Using Weyl symmetry to make Graphene a real lab for fundamental physics

TL;DR

This paper explores how Weyl symmetry, a fundamental concept from gauge theories, can be applied to graphene to create a laboratory setting for testing fundamental physics principles.

Contribution

It reviews and extends recent theoretical and experimental proposals to use graphene as a platform for studying Weyl symmetry in a laboratory environment.

Findings

Weyl symmetry can influence electronic properties of graphene.

Proposals exist for experimental tests of Weyl symmetry in graphene.

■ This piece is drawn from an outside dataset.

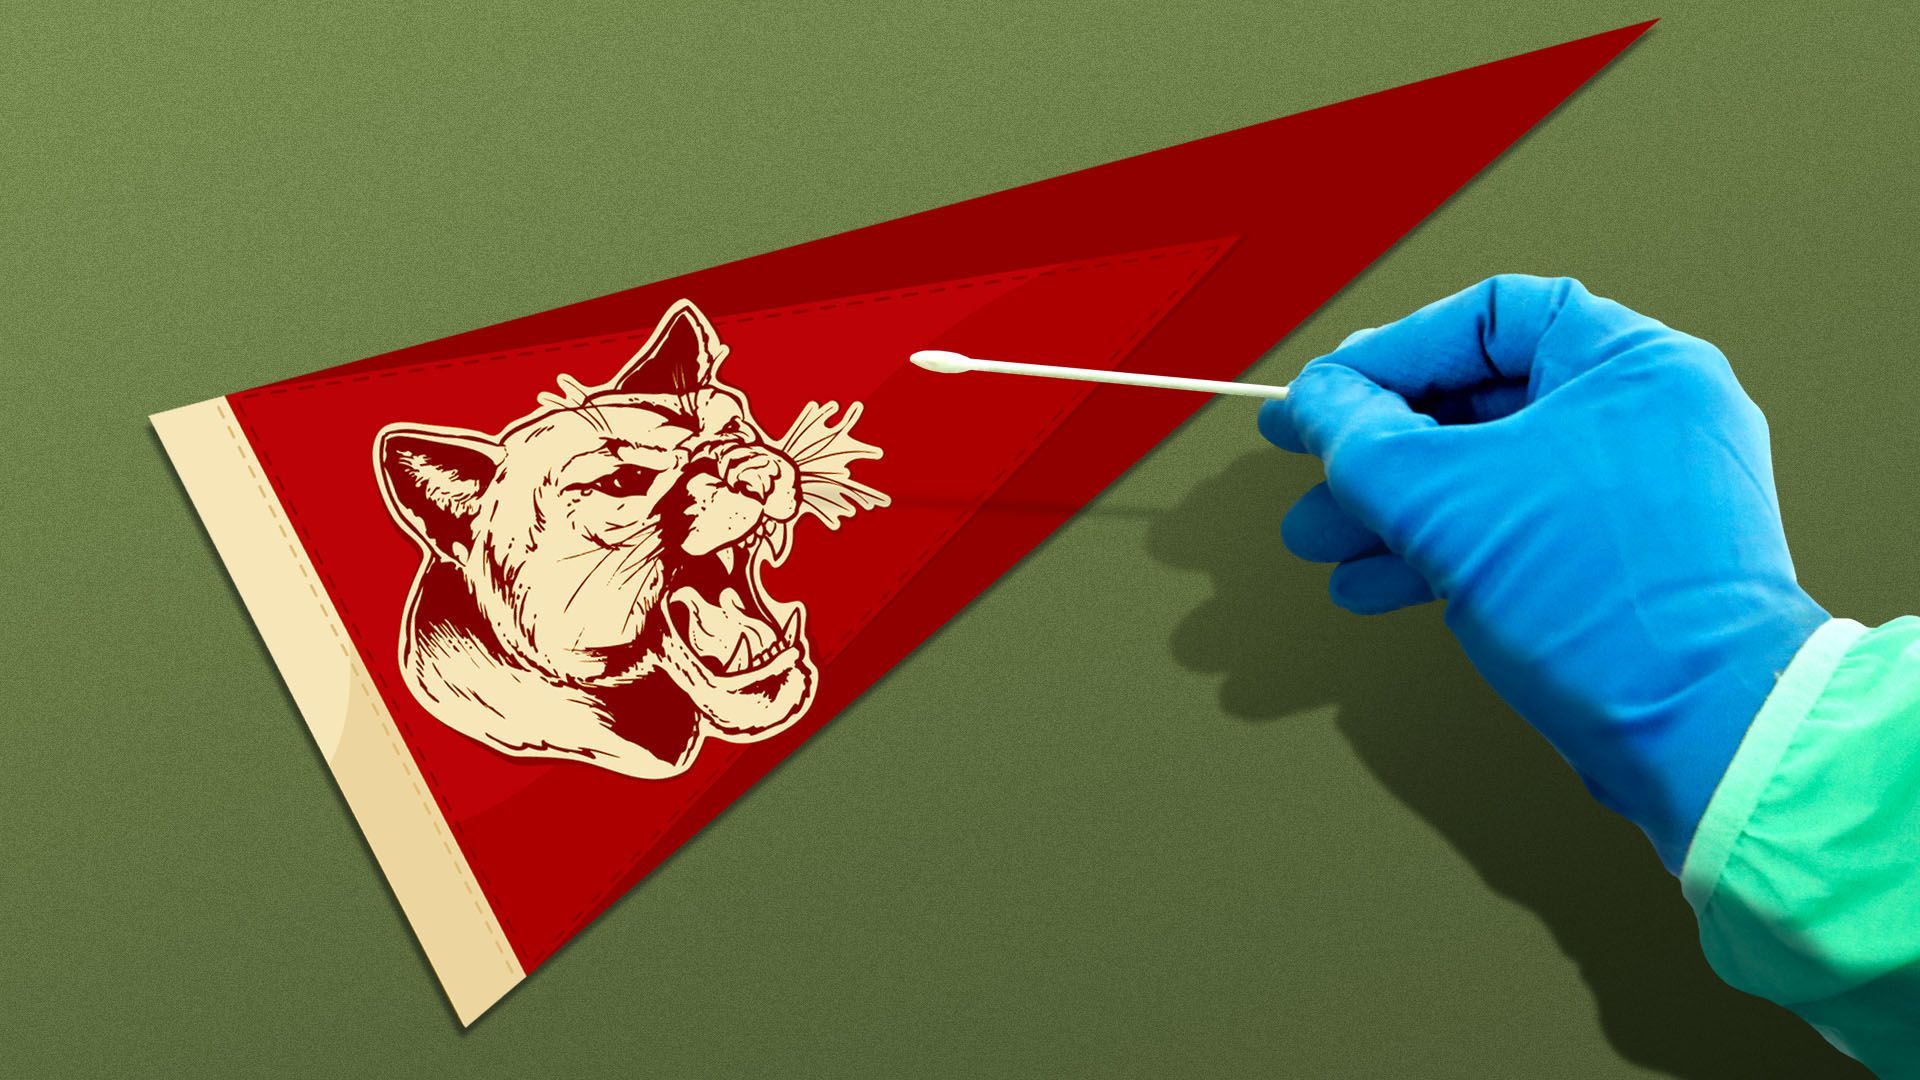 Illustration of a doctor about to do a nasal swab of a school pennant with a cougar on it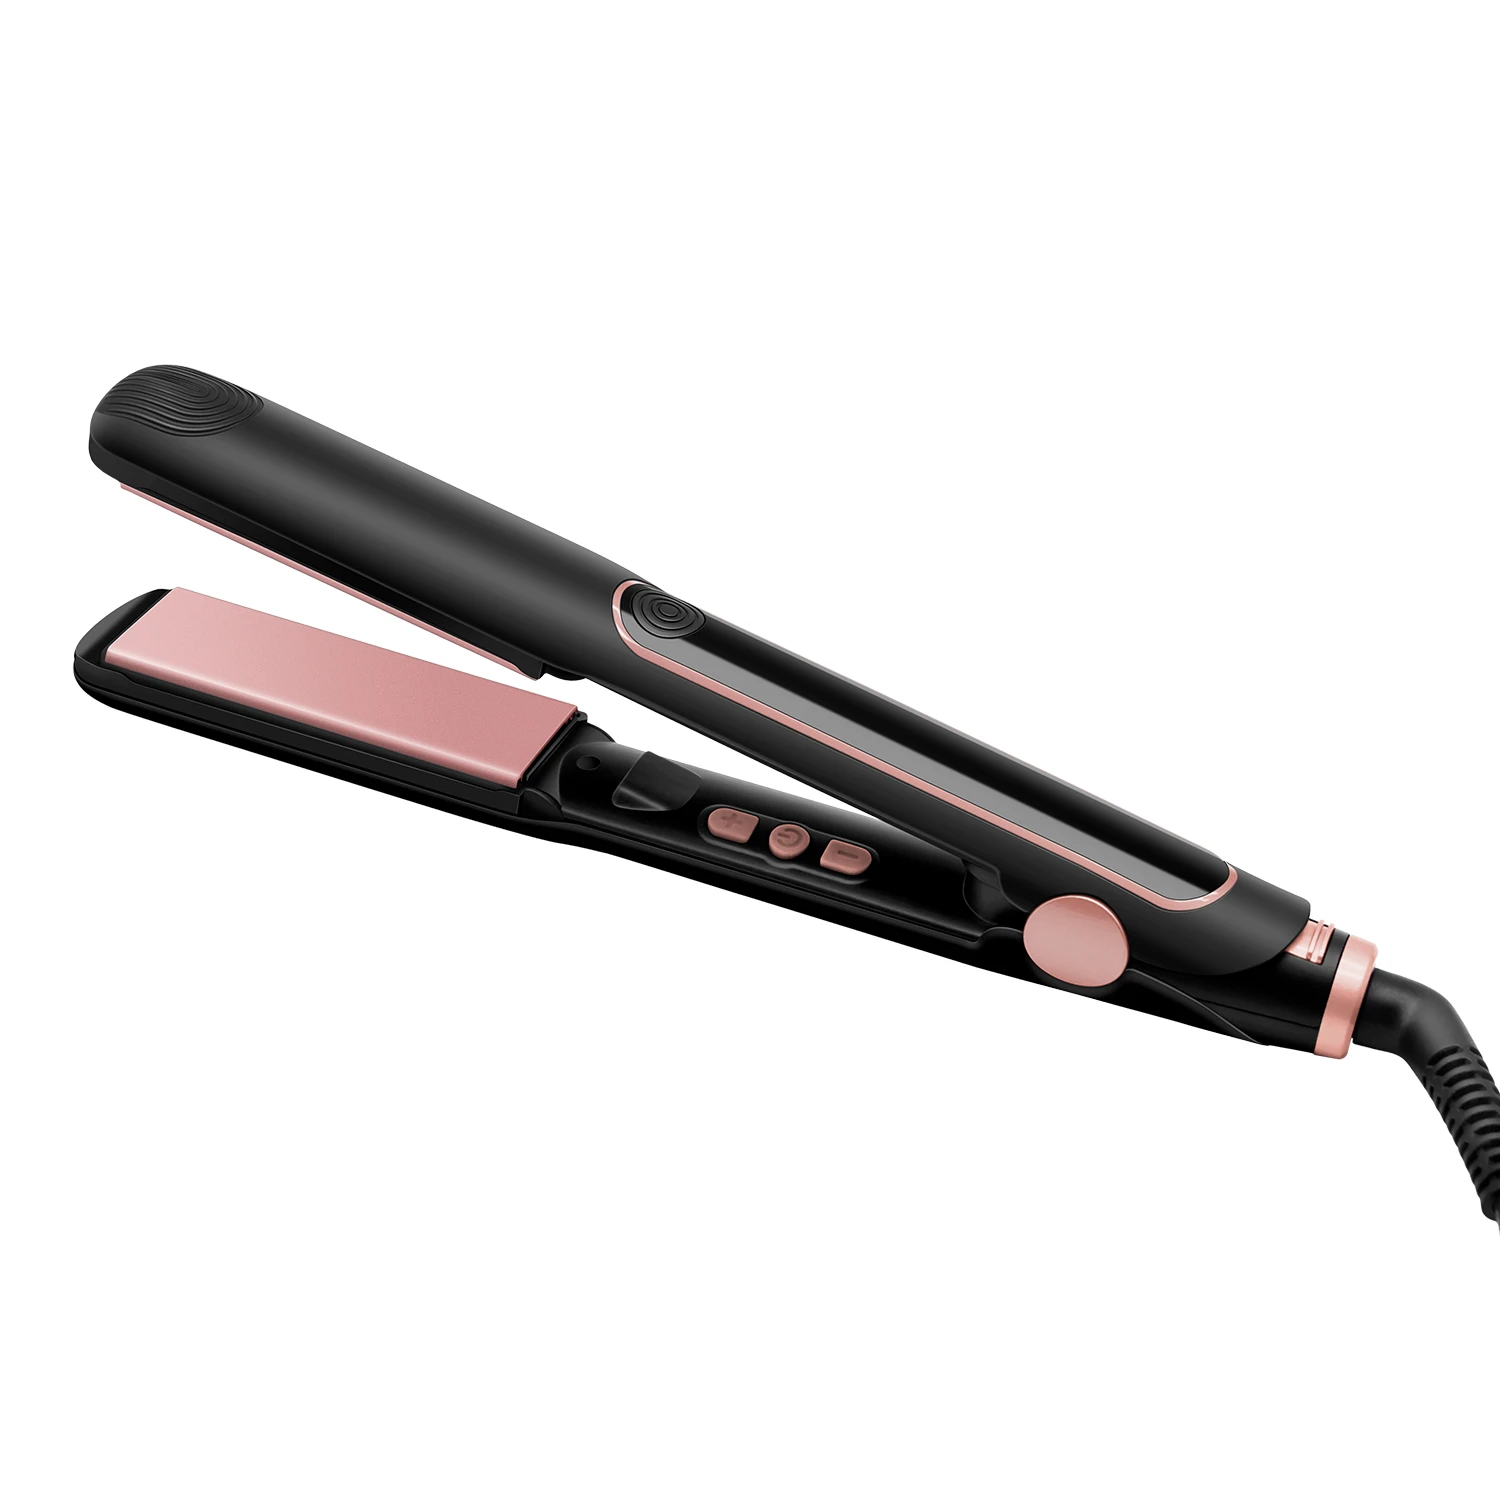 Electronic Professional Hair Iron Hairstyling Mini Portable Ceramic Flat Iron Hair Straightener Irons Styling Tools

Graphene can serve as a practical testbed for fundamental physics concepts.

Abstract

In the first attempt to introduce gauge theories in physics, Hermann Weyl, around the 1920s, proposed certain scale transformations to be a fundamental symmetry of nature. Despite the intense use of Weyl symmetry that has been made over the decades, in various theoretical settings, this idea never found its way to the laboratory. Recently, building-up from work by Lochlainn O'Raifeartaigh and collaborators on the Weyl-gauge symmetry, applications of Weyl-symmetry to the electronic properties of graphene have been put forward, first, in a theoretical setting, and later, in an experimental proposal. Here I review those results, by enlarging and deepening the discussion of certain aspects, and by pointing to the steps necessary to make graphene a testing ground of fundamental ideas.